I can understand that logic, but today Cowherd quickly overlooked Detroit Lions starting quarterback Matthew Stafford, and that’s not ok.

Cowherd started talking about Dak and his contract dispute, I know, shocking, right?

He’d continue the rant by listing active Super Bowl-winning quarterbacks followed by quarterbacks like Jimmy Garoppolo, and Matt Ryan who both lost the big game.  Cowherd states the days of winning with a game-manager under center anchored by an elite defense is over.

The game is built to protect the leagues’ quarterbacks.  It’s a multi-billion dollar industry that’s driven by the quarterback play.  It’s not rocket science, ratings follow quarterback play, so of course, the league is going to create rules to protect the investment.

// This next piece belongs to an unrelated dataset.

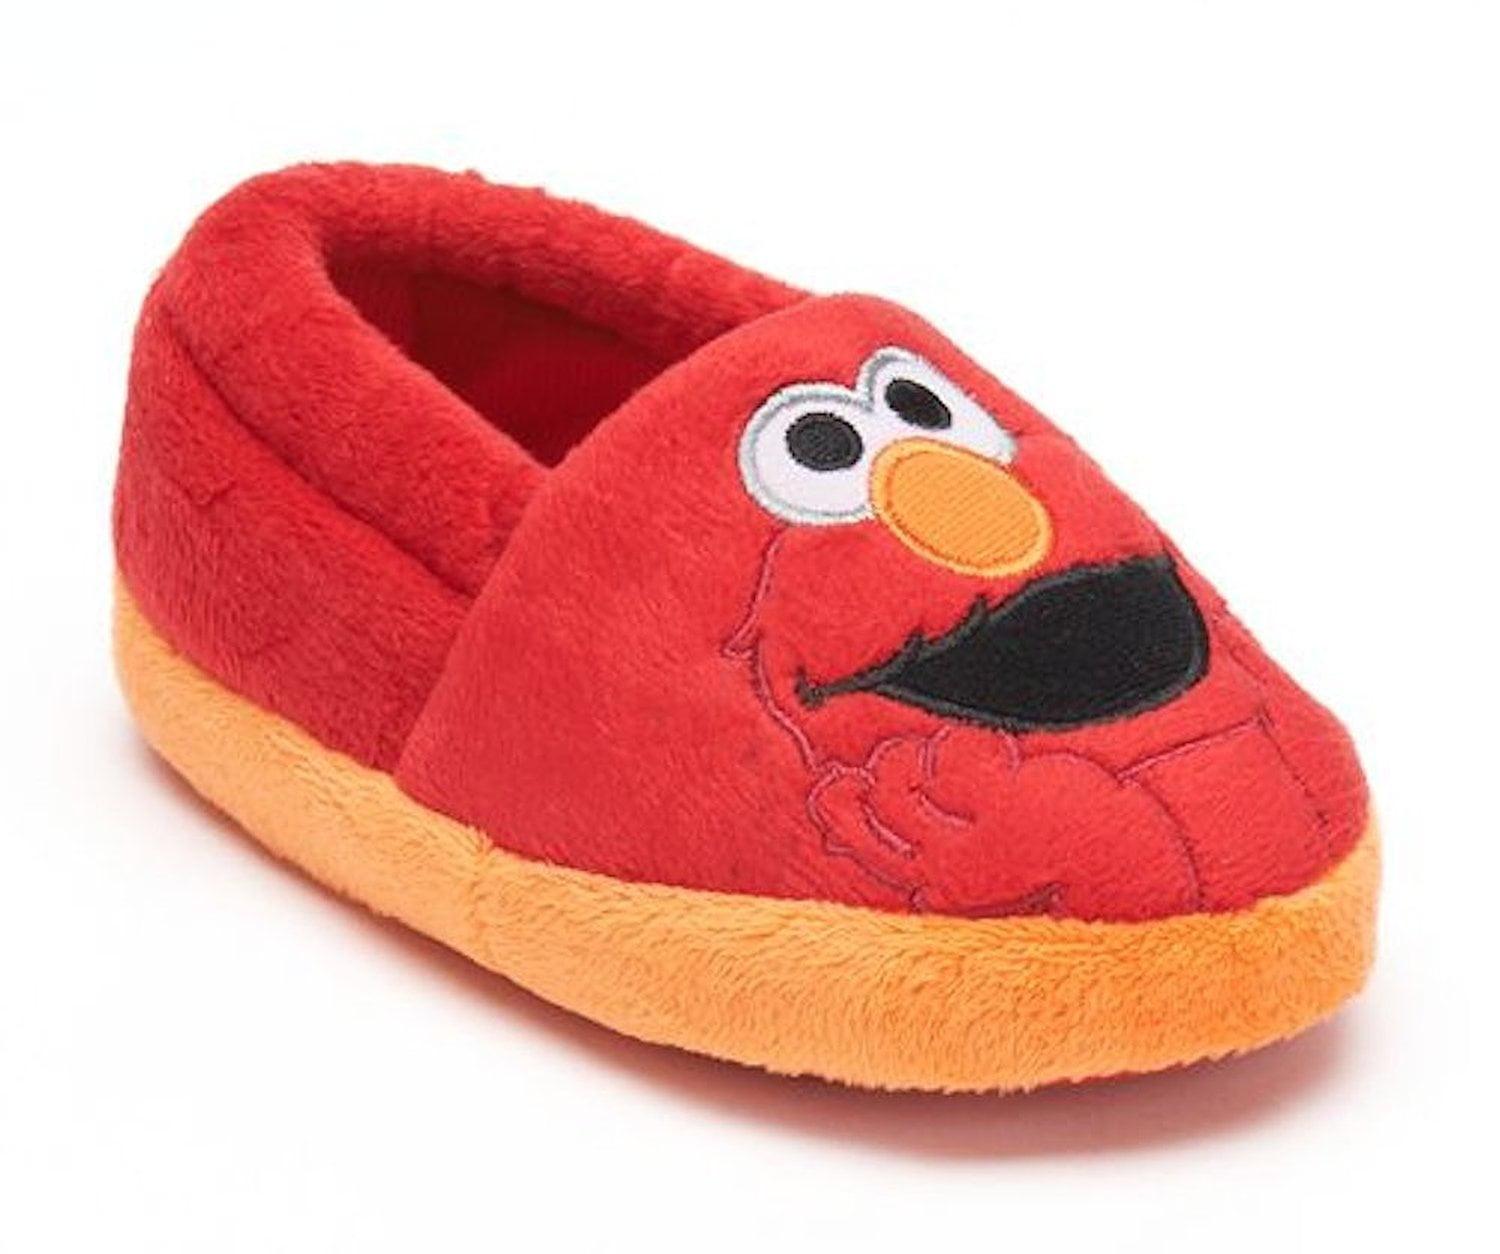 elmo slippers walmart

Not only is the quarterback play more talented across the league, but the rules to protect the QB’s tend to prevent an elite defense from stealing the show.  Cowherd mentions an organization needs a quarterback that can win a road game in the playoffs, win a shootout any given week, and play well enough to catapult their team and beat the brilliant elite coaching schemes regularly produced by the Any Reid’s, Sean Payton’s and Bill Belichick’s of the world.

Cowherd listed eleven quarterbacks that fit his criteria, and trying to prove his point about what the topic was generated around, Dak wasn’t mentioned but neither was Stafford. Colin has been saying the Cowboys should not sign Prescott to the money he seeks for months, but to put players like Jared Goff, Carson Wentz, Matt Ryan, Deshaun Watson over Stafford just isn’t accurate.

Over the course of Stafford’s career, he’s seen an overabundance of coaching changes, a revolving door of offensive coordinators and while he enjoyed the services of one of the best pass-catchers in NFL history, the organization failed to complement Calvin Johnson with tier-two talent.

Last season in eight games played, Stafford proved his worth as he swiftly produced a 5,000-yard passing pace to go along with perhaps a 40 touchdown season before being forced to sit out the second half of the season with a broken back.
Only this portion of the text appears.